PHILADELPHIA (Jul 27, 1995 - 15:06 EDT) -- Not many baseball players compare to Willie Mays, 
Mickey Mantle and Duke Snider, and Richie Ashburn couldn't either.

It is the only reason the 67-year-old Ashburn can figure it took him so long to get inducted 
into the Baseball Hall of Fame.

"People have told me Mickey, Willie and the Duke were too much competition.  That might have 
been part of it. I don't know if that's fair, but I suppose that had something to do with it," 
Ashburn said.

Ashburn spent 15 years as a center fielder in the National League, twelve with the Phillies, 
winning two batting titles, three hits titles and leading the league in runs four times.  The 
six-time All-Star hit better than .300 nine times and led National League in putouts nine times 
before ending his career in 1962 with the New York Mets.

He was not recognized as a Hall-of-Fame ballplayer until March, 28 years after he became 
eligible.

"I never really gave up hope," Ashburn said. "It didn't look like it would happen, but I 
thought someday it might because the numbers were there."

Ashburn was Rookie of the Year in 1948, a year after Snider joined the Brooklyn Dodgers and 
three years before Mantle and Mays took over center field for the New York Yankees and Giants, 
respectively.

While those three were dueling for home run titles through the 1950s in New York, Ashburn was 
compiling his .308 lifetime average about 80 miles south in Philadelphia.

"They were home run hitters, and I wasn't," Ashburn says. "The only pressure you felt playing 
against those guys was that they were going to beat you."
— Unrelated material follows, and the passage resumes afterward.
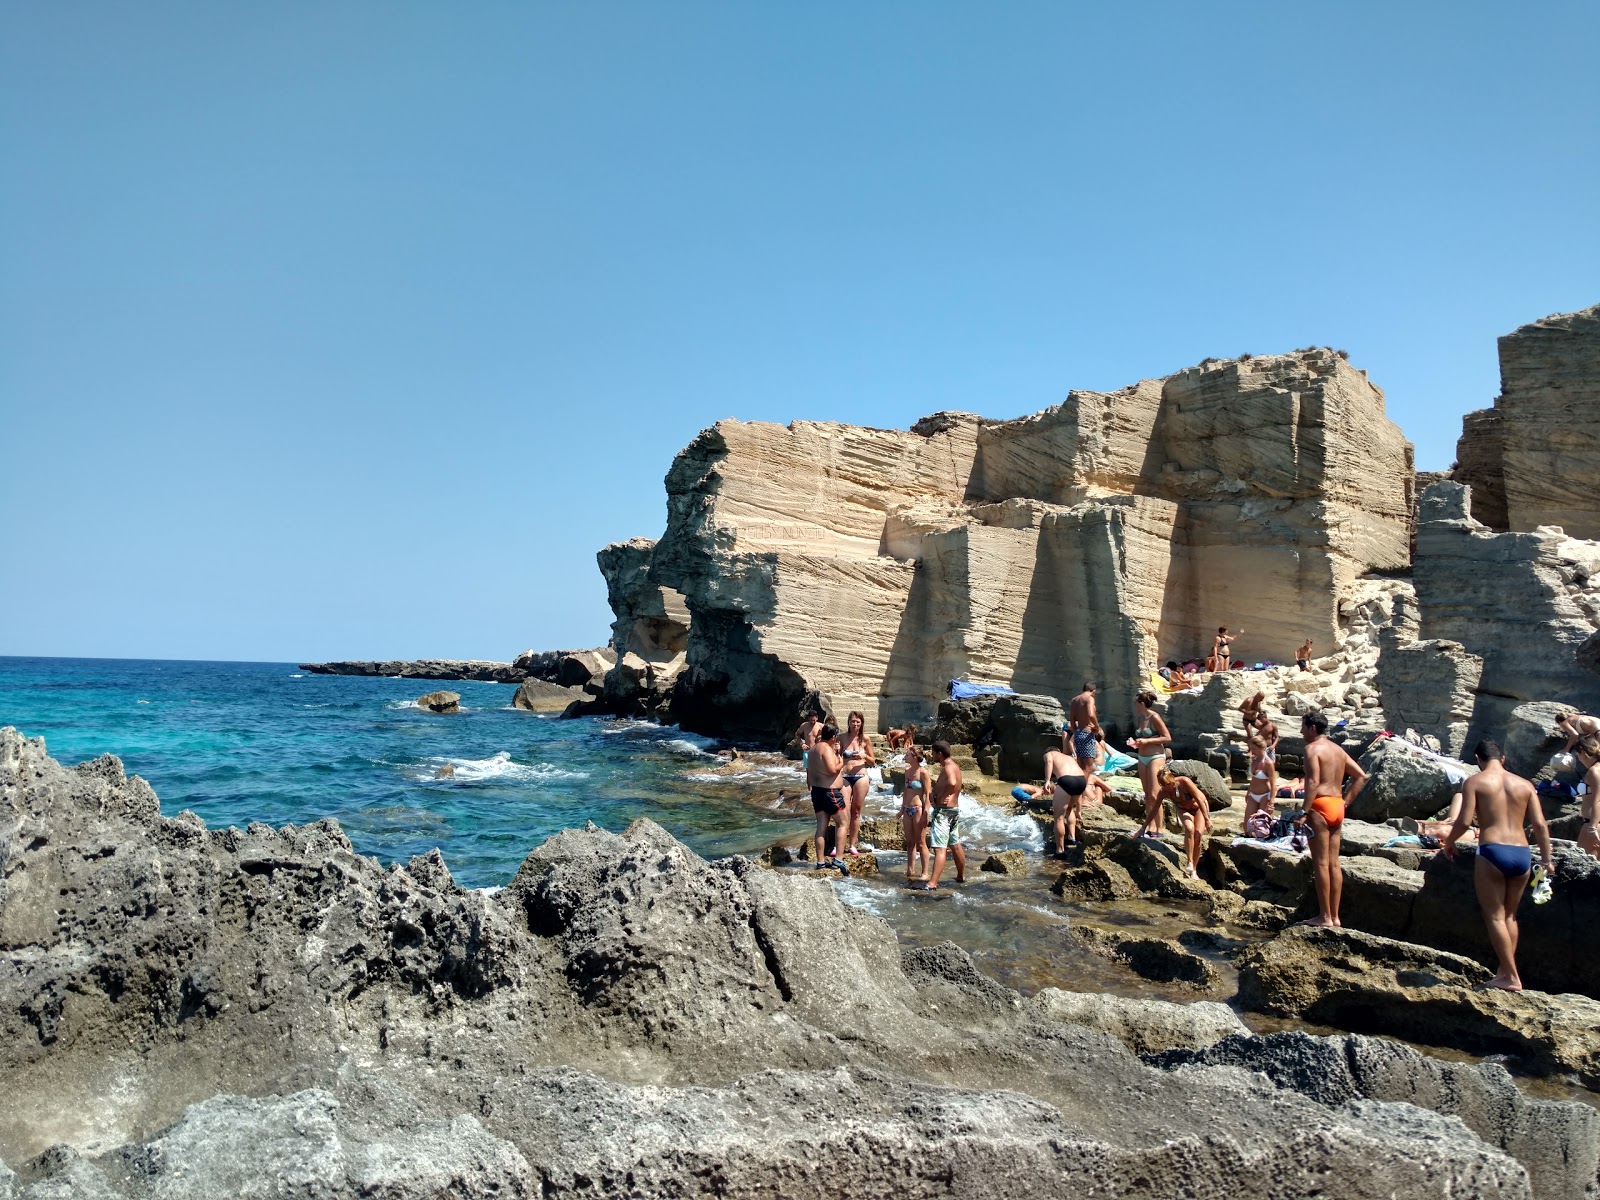 Foto von Spiaggia Di Cala Rossa wilde gegend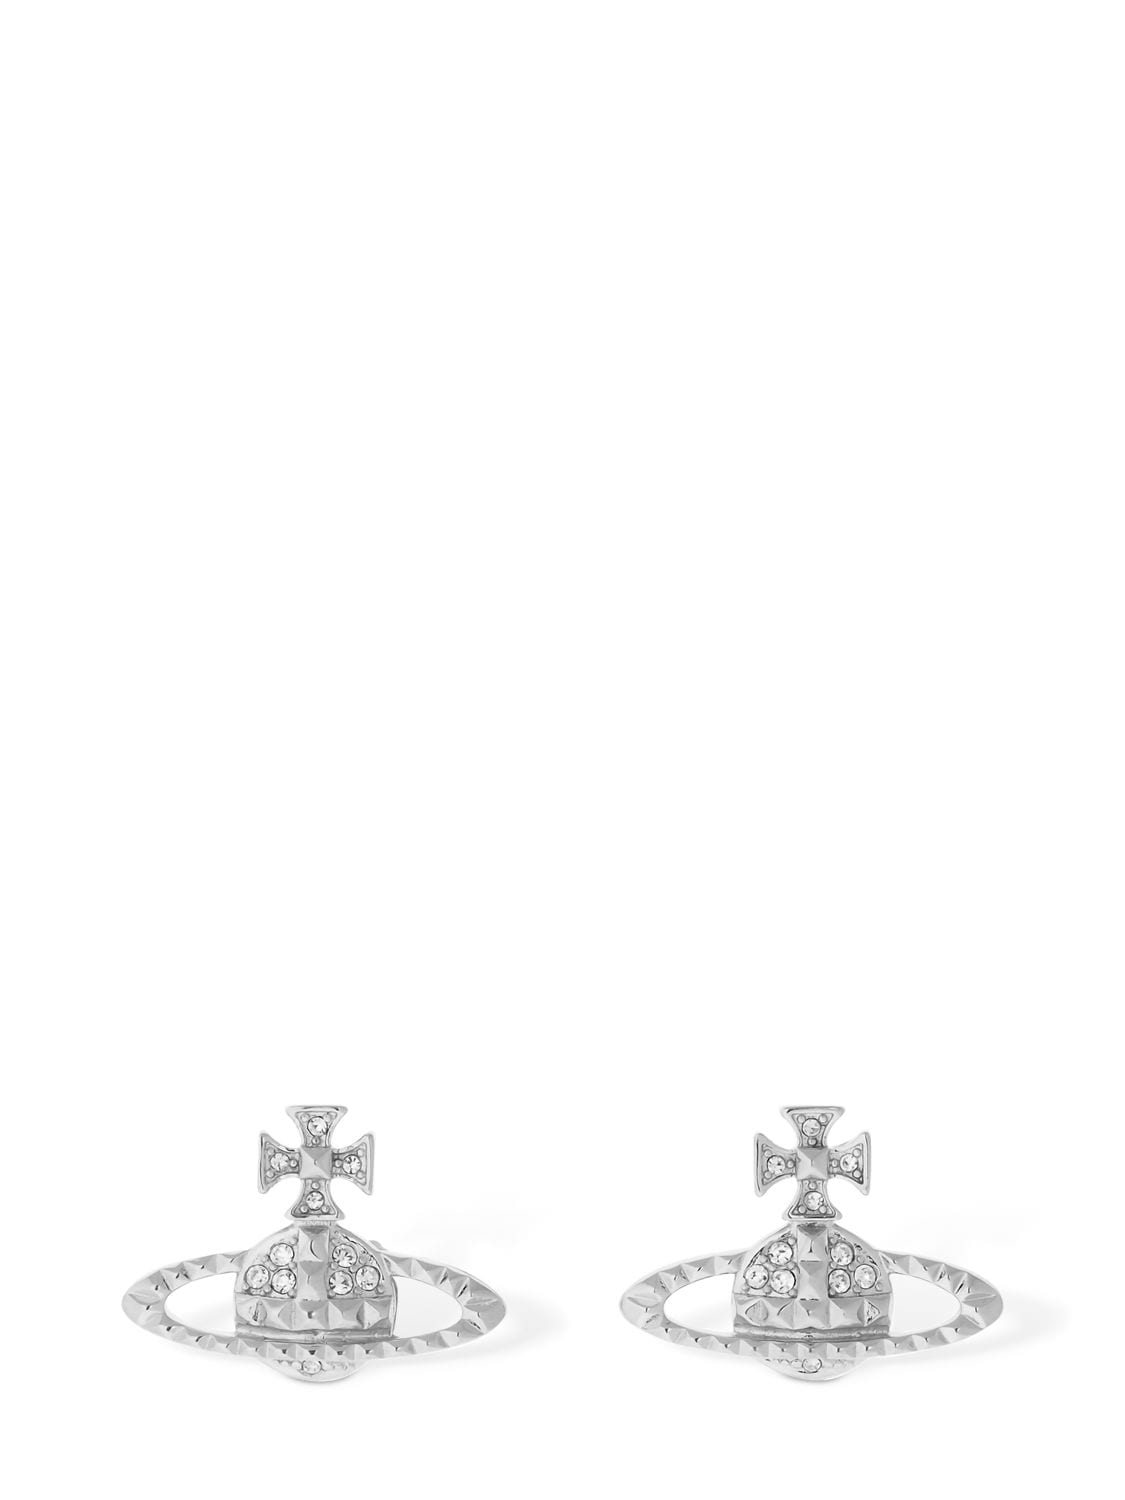 Vivienne Westwood Mayfair Bas Relief Stud Earrings In Silver

Mays, Mantle and Snider made 22 appearances between them in the World Series Ashburn made only 
one, and his Whiz Kids were summarily dumped in four games by the Yankees, a year before Mays 
and Mantle entered the league.

Mantle and Mays entered the Hall of Fame in their first year of eligibility, five years after 
their retirement. While Snider, perhaps also hurt by comparison to those two, had to wait 11 
years after becoming eligible.

Ashburn was a broadcaster for the Phillies following his retirement. 

Even with all that time behind a microphone, no one was sure what he would say when he entered 
the Hall of Fame Sunday in Cooperstown, New York, along with former Phillies third baseman Mike 
Schmidt.

He feels his finest attribute during his career was his determination, a trait that must have 
been helpful during his long wait for the Hall of Fame to call.

Ashburn says: "I never walked away from a ballgame, or even an at-bat, feeling I could have 
tried harder. I never felt that I left anything back there."

Now he doesn't have to feel like he left anything to be accomplished after his playing days 
either.

He is no longer the spry young outfielder who chased down balls the way current Phillies All-
Star center fielder Lenny Dykstra does.

He was aged and gray, and happy he lived to see the day he became a member of the same 
Cooperstown club as Mays, Mantle, and Snider.

"You seem to be a better ballplayer after you're dead than when you were alive," Ashburn says. 
"I've waited a long time, but it's the greatest honor a ballplayer can have."